A 17-year-old senior at University City High School received the inaugural Princeton Prize in Race Relations for the San Diego region.
Pranaya Anshu received the award for her four years of leading a global education program at the San Diego Public Library, spending almost 200 Saturdays teaching children.
“I researched it and learned that education is the best way to fight racism, to learn that we are all human, and we all have a heart,” Anshu said.
This year San Diego became the 25th region to grant the award, which is given to high school students across the country who have advanced the cause of positive race relations in their schools or communities.

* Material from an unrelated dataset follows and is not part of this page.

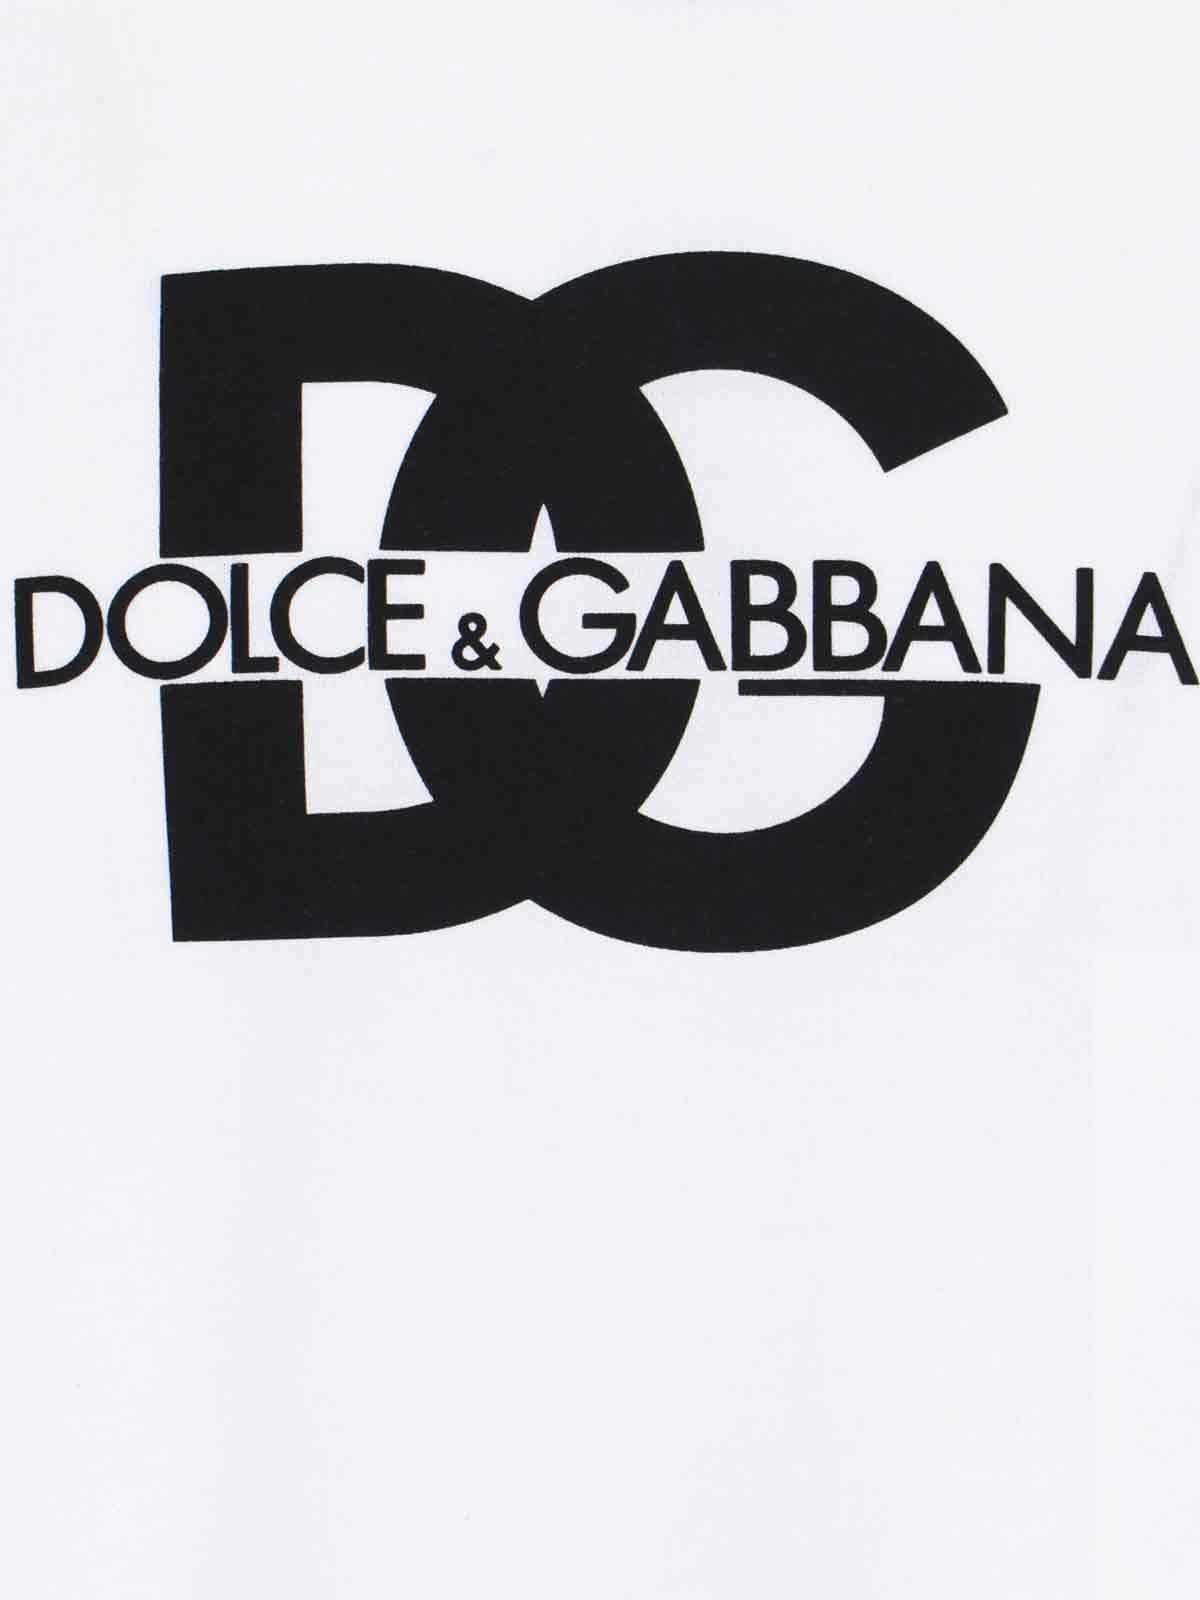 Dolce & Gabbana T-Shirt logo-t-shirt-Dolce & Gabbana-Pantaloni sportivi logo Dolce & Gabbana, in cotone nero, vita elastica, coulisse, due tasche zip laterali, una tasca zip retro, placca logo metallico argentato retro, polsini elastici.-Dresso

The winner in each region receives a cash award of $1,000 and is invited to Princeton University for an all-expense paid trip to attend the Princeton Prize Symposium on Race later this month.
Anshu said her teaching effort at the library began when she volunteered to shelve books and experienced racism for the first time.
“It had been my first day of volunteering and my mentor, who had been assigned to teach me how to shelve books, had worn gloves when shaking my hands as if my Indian skin possessed some germs her Caucasian skin did not,” Anshu recalled.
Then in seventh grade, the encounter shocked her into action, and she created a program for children to learn about different countries and cultures.
While Anshu no longer leads the educational program she founded, it has been continued by other students. “I thought racism was a thing of the past, but it’s not, so I am proud that I can see [the program] continue,” she said.